Auf den nassen Streuwiesen im Chiemgau rings um den Chiemsee und im weiteren Alpenvorland sticht die Trollblume (Trollius europaeus) im Mai mit ihren dottergelben Blüten schon aus der Ferne ins Auge. Seltener kann man die Blüten auch im Herbst entdecken – so gerade derzeit im Oktober 2023.

Das ist nicht völlig ungewöhnlich.

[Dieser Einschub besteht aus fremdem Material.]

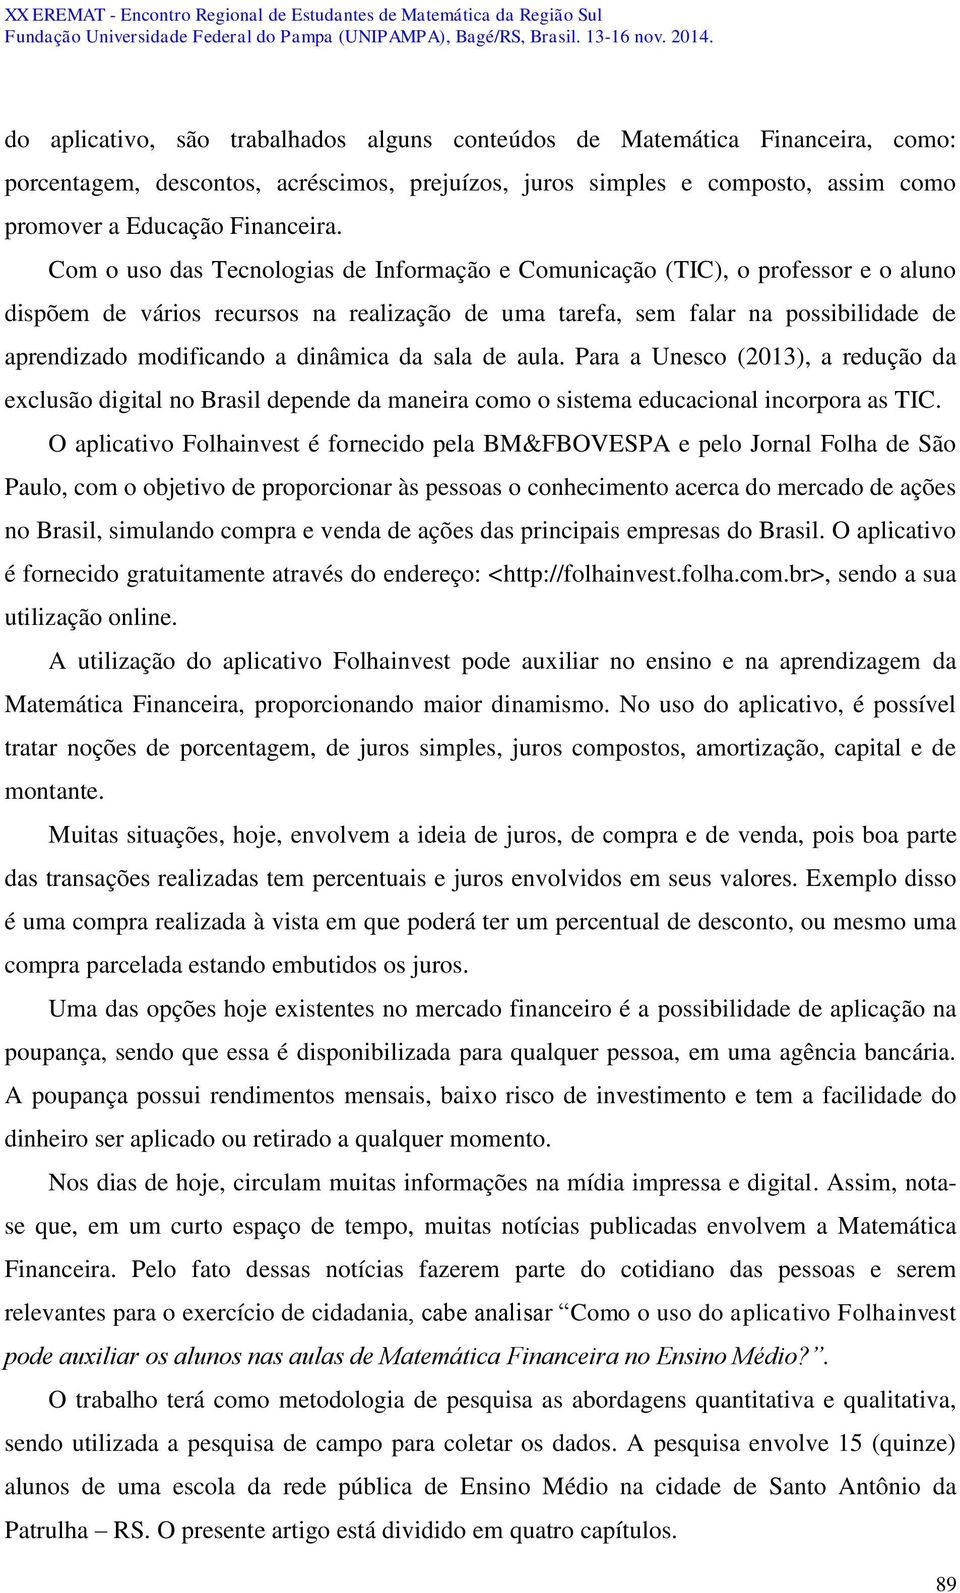 dinâmica da sala de aula. Para a Unesco (2013), a redução da exclusão digital no Brasil depende da maneira como o sistema educacional incorpora as TIC.

Außerhalb der Tropen stehen Pflanzen in der Regel mehrere äußere Faktoren „zur Verfügung“, anhand derer sie feststellen, welche Jahreszeit gerade ist. Das könnte die Regenmenge sein wie im Mittelmeergebiet, wo es nach einem in der Regel regenarmen Sommer im Herbst deutlich feuchter wird (trifft definitiv nicht auf den Chiemgau zu), die Temperatur oder eine zunehmende bzw. abnehmende Tageslänge.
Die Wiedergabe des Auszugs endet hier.